The jury, then, was instructed to consider what was in Zimmerman’s head. Florida statutes only require the defendant to be reasonably frightened for his life in committing murder. There doesn’t need to be proof of any actual threat; the jury merely has to be able to empathize with the perceived threat. In this case, the six people who decided Zimmerman’s reasonableness were female. Five of the six were white. One was described by trial reporters as being black, or Hispanic, or both. And you could be forgiven for hearing one juror’s recount of the initial votes — three for acquittal, two for manslaughter, and one for murder — and assuming the non-white juror had the hardest time seeing Trayvon, armed only with two 17-year-old fists, as a lethal threat.

When the defendant walked away from the crime scene under his own power, he had suffered a swollen nose (not broken, as he had originally told the EMTs), a bloody abrasion on the tip of that nose, and two lacerations on the back of his head. (None of this fits the legal definition of a felony, which would have also allowed Zimmerman to kill; that would have required “great bodily harm, permanent disability, or permanent disfigurement.”) Moreover, the coroner’s report on Martin turned up none of Zimmerman’s DNA. And yet, the threat to him was deemed reasonable. Legal experts opined that the prosecution had “failed to humanize Trayvon,” as if walking alone and unarmed and minding your own business was somehow not human enough. 

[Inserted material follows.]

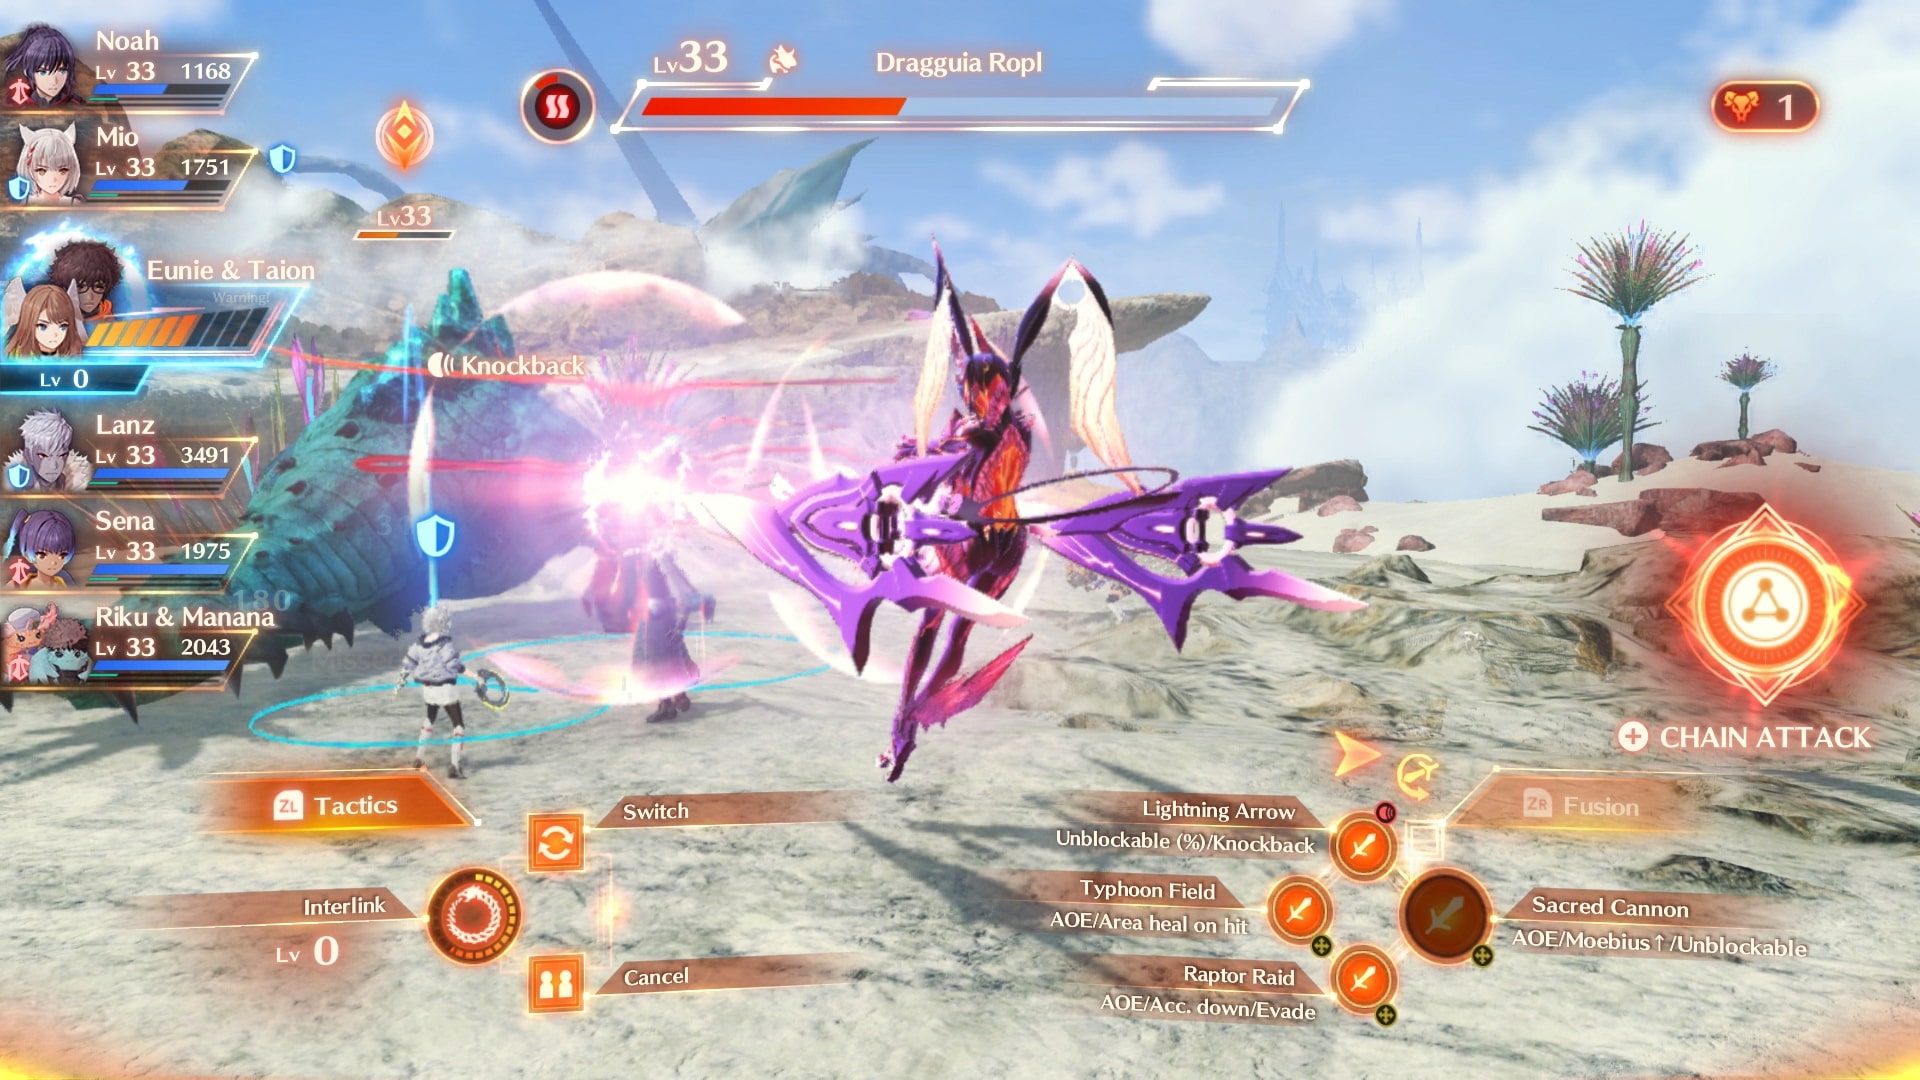 Review: Xenoblade Chronicles 3 (Nintendo Switch) – Digitally Downloaded

Now that the Florida legal system has sided with the man who followed Trayvon and caused his death, the Zimmerman apologists have stopped trying to paint the victim as black enough to be suspect and switched to playing offense, moving from playing the race card themselves to denying there’s even one in the deck. But with the black population more of a political and economic force than ever before, it’s safe to say the issue’s not going away. Not until a rapidly diminishing white America — one that still controls much of the money, the power, the voting machines, and the legal system — starts to confront how it really thinks about its underclass. As J.E. Chaney no doubt realized while speeding frantically down Mississippi State Highway 19 on the night of June 22, 1964, it’s going to take a long, long time.